▸ Source data:
____________________

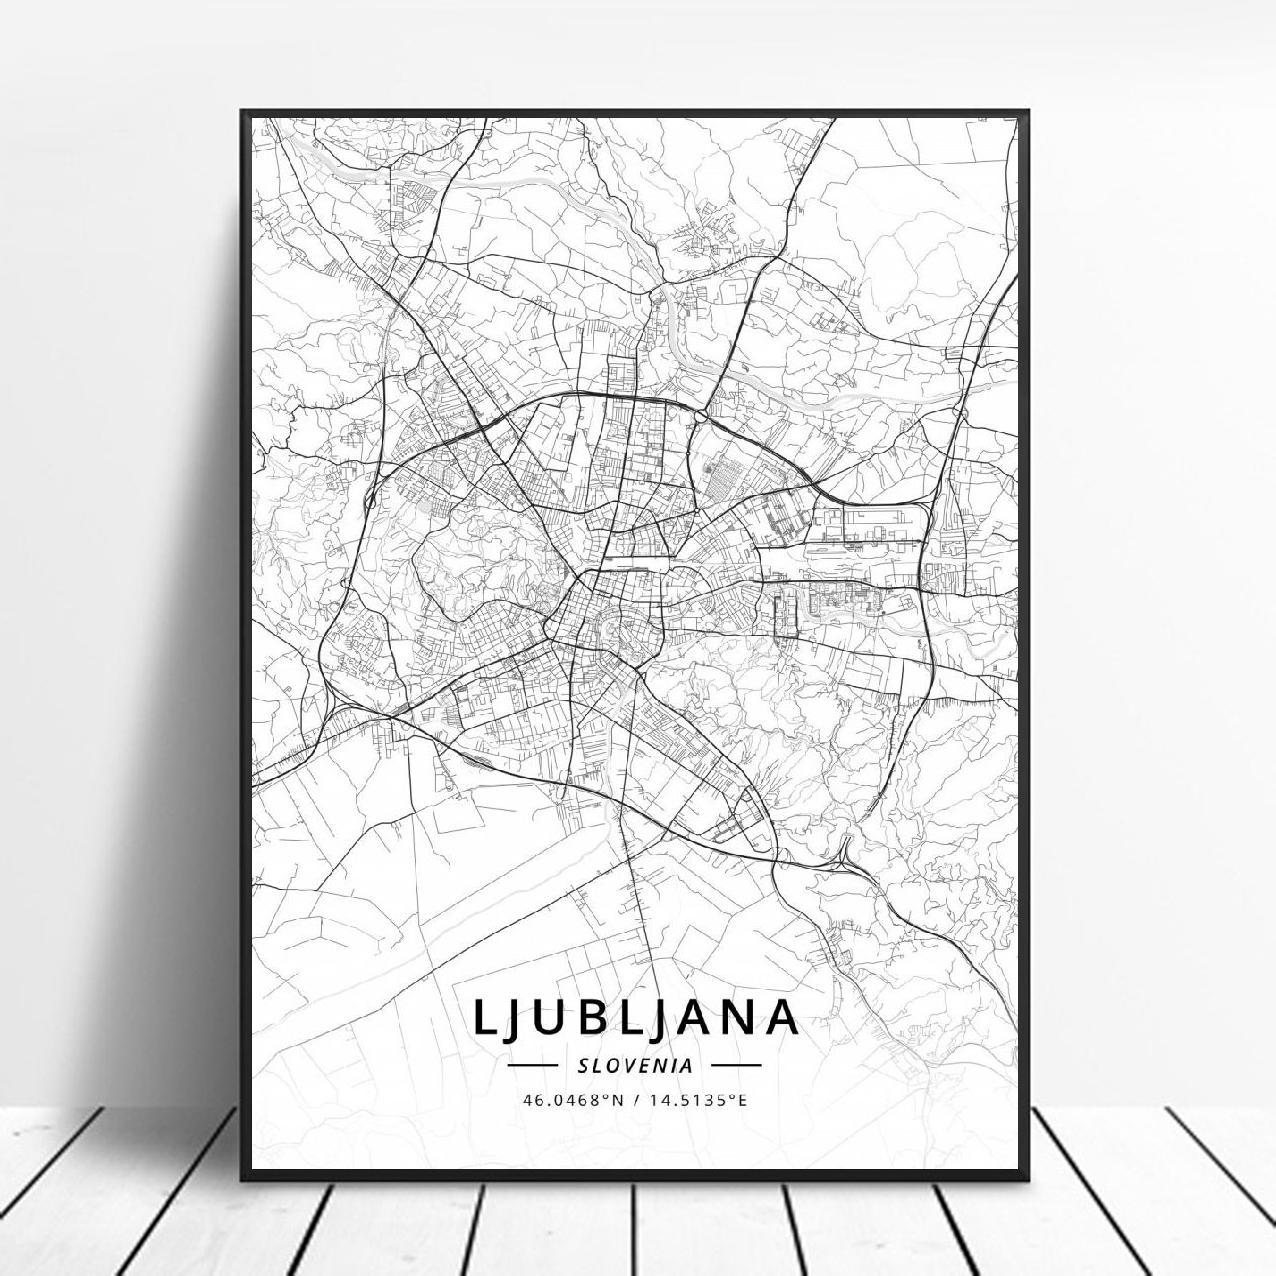 Ljubljana Maribor Slovenia  Canvas Art Map Poster
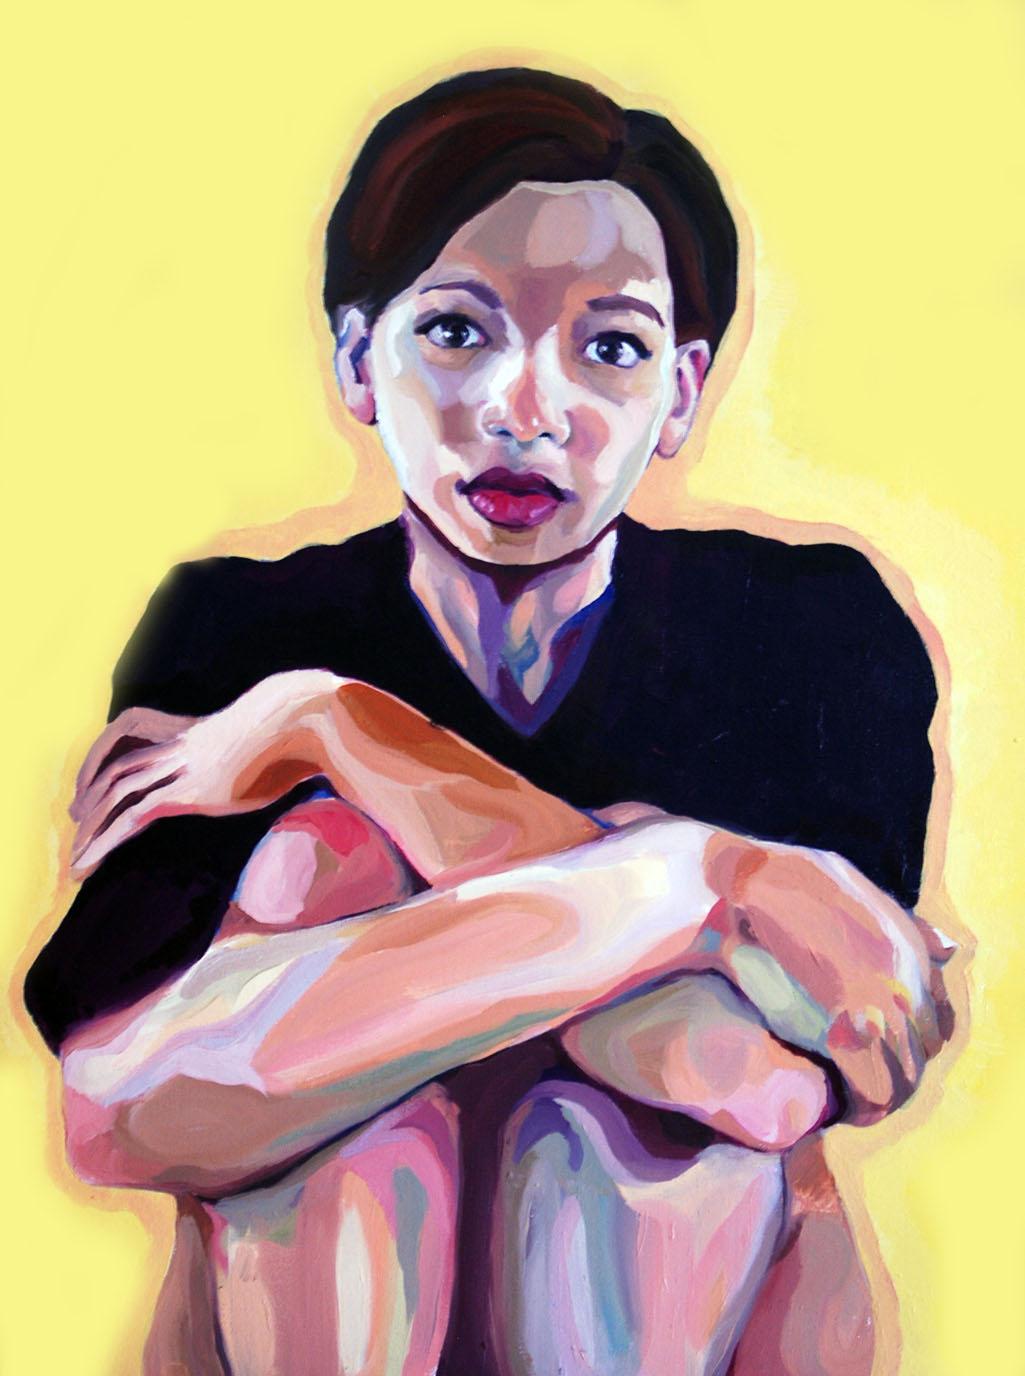 """Yellow"" by Sendra Uebele"
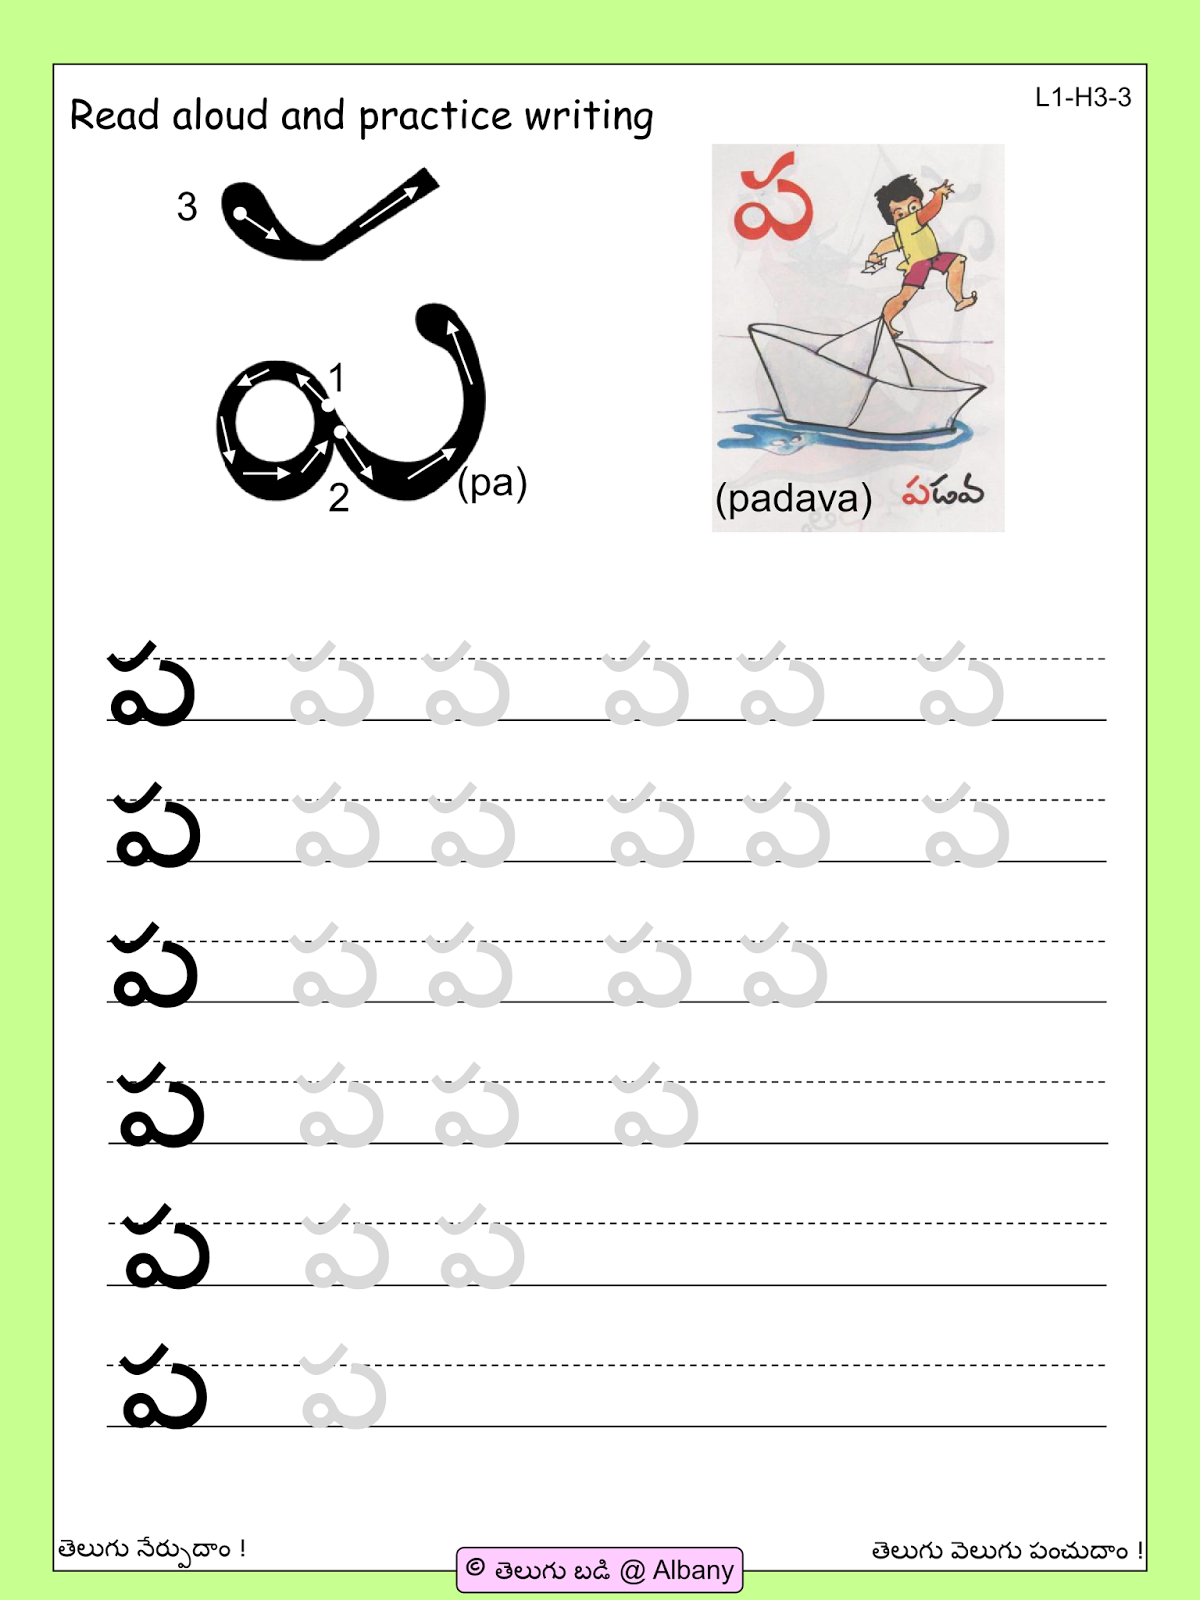 Telugu Picture Reading Video Lesson Panasa
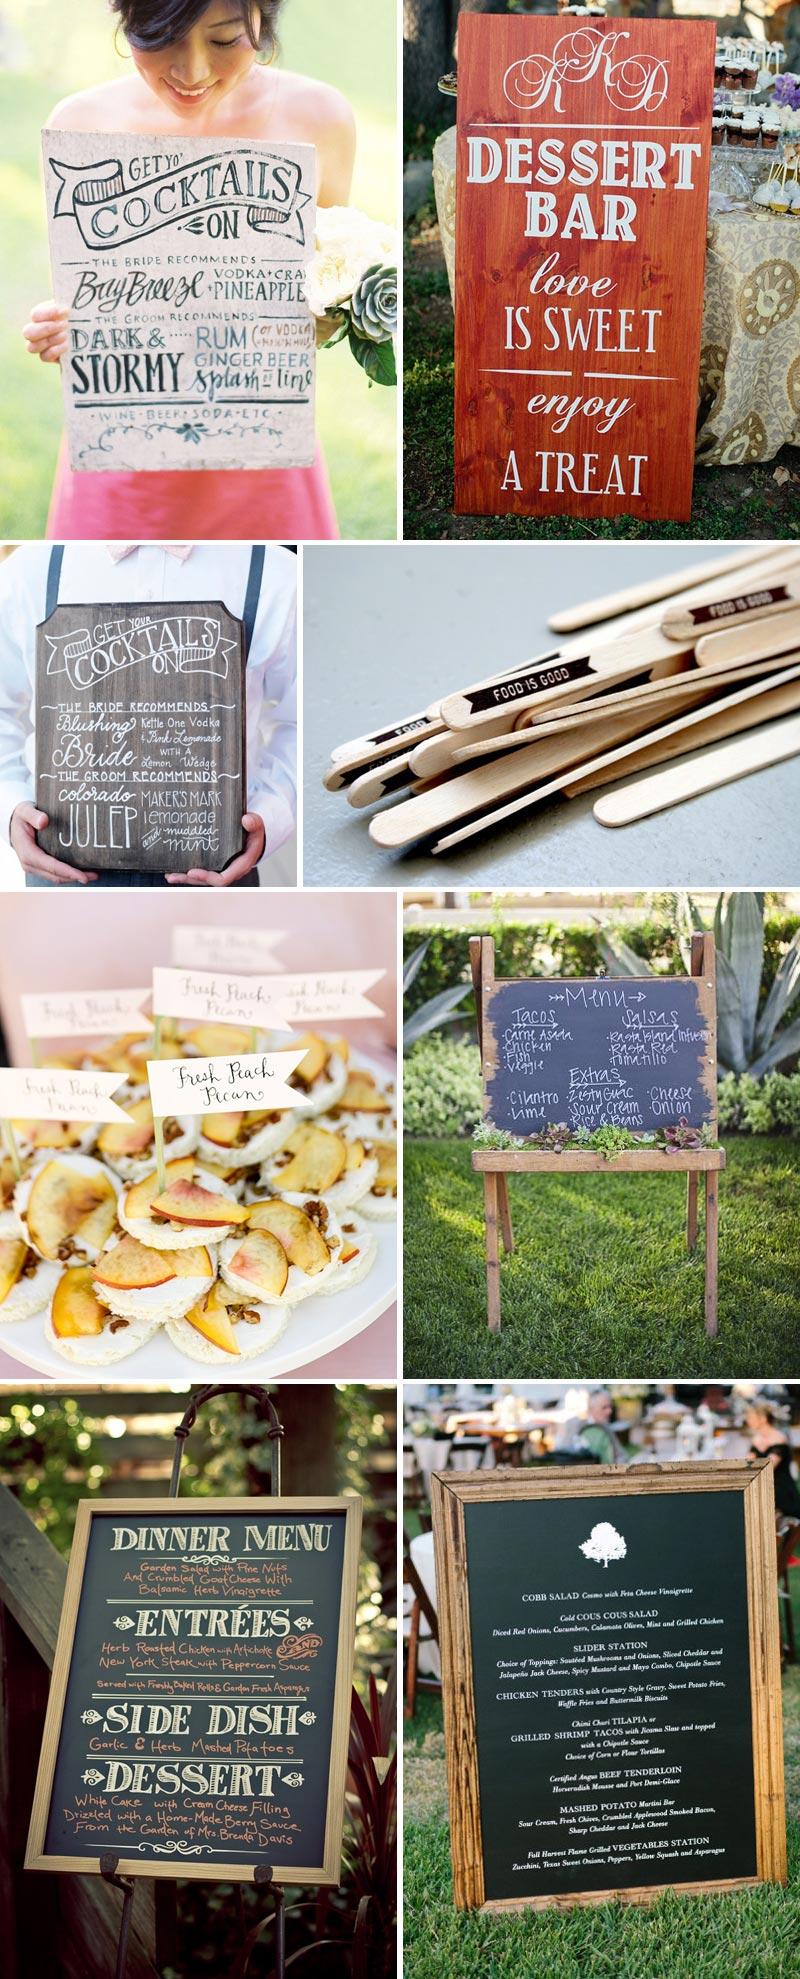 Looks-Good-Enough-To-Eat Wedding Menu Large Sign Inspiration

____________________

▸ Problem requirements: Omit pictures; set down the rest of the material word for word.

▸ Result for this exercise:
 Ljubljana Maribor Slovenia  Canvas Art Map Poster
 """Yellow"" by Sendra Uebele"
 Telugu Picture Reading Video Lesson Panasa
 Looks-Good-Enough-To-Eat Wedding Menu Large Sign Inspiration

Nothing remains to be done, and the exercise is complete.